Alright guys, I've been needing a Russian watch to complete my collection. I just don't know them at all. I've looked at Vostok Europe but they're overpriced and almost none have bracelets. If I give you a couple generic parameters would you be willing to make some recommendations please?

- At least 44mm diameter not including crown.

- Under 400 USD (~350 British pounds)

- Prefer automatic.

- Has bracelet or at least straight lugs to accept a generic bracelet like watchadoo or strapcode.

- No cheap acrylic crystal, at least mineral, or have aftermarket support for Sapphire readily available.
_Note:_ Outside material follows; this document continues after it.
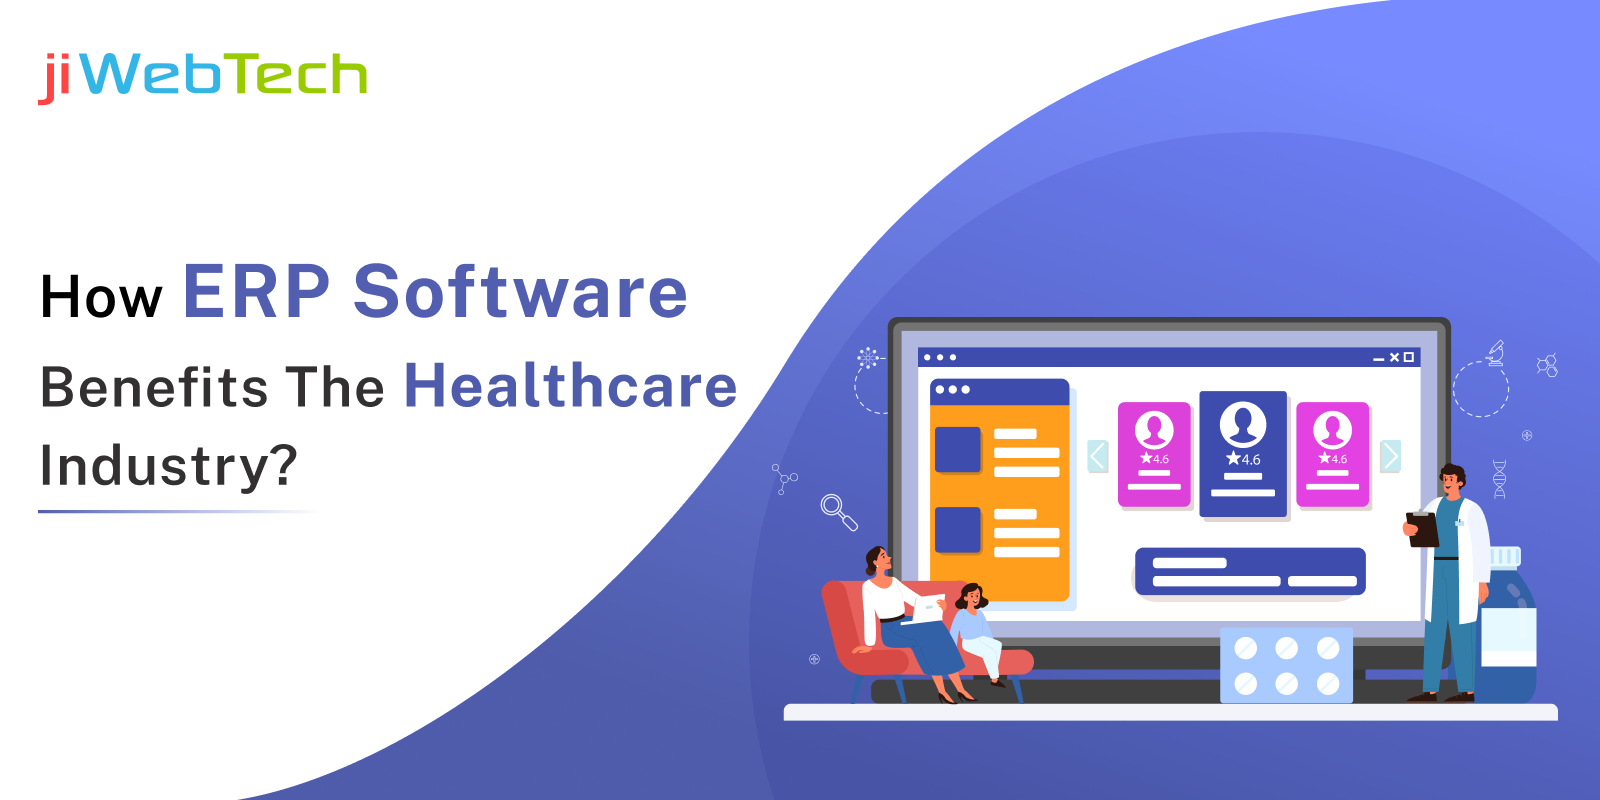 How ERP Software Benefits the Healthcare Industry?

Thanks a ton for any suggestions you might have!


----------



## WRENCH (Jun 20, 2016)

JayDeep said:


> Alright guys, I've been needing a Russian watch to complete my collection. I just don't know them at all. I've looked at Vostok Europe but they're overpriced and almost none have bracelets. If I give you a couple generic parameters would you be willing to make some recommendations please?
> 
> - At least 44mm diameter not including crown.
> 
> ...


 I'm ignoring your parameters, because your missing out if you stick to them.

Check this lot out, the possibilities are endless.

http://xflive.thewatchforum.co.uk/index.php?/topic/94938-amphibia-mod/&do=embed

and.

https://www.hodinkee.com/articles/vostok-amphibia

https://en.m.wikipedia.org/wiki/Amfibia

Iconic watch for around $50 -$60. Any scratches to the crystal are easily polished out, and I've never had any quality issues. The bracelets are [email protected] hair nippers.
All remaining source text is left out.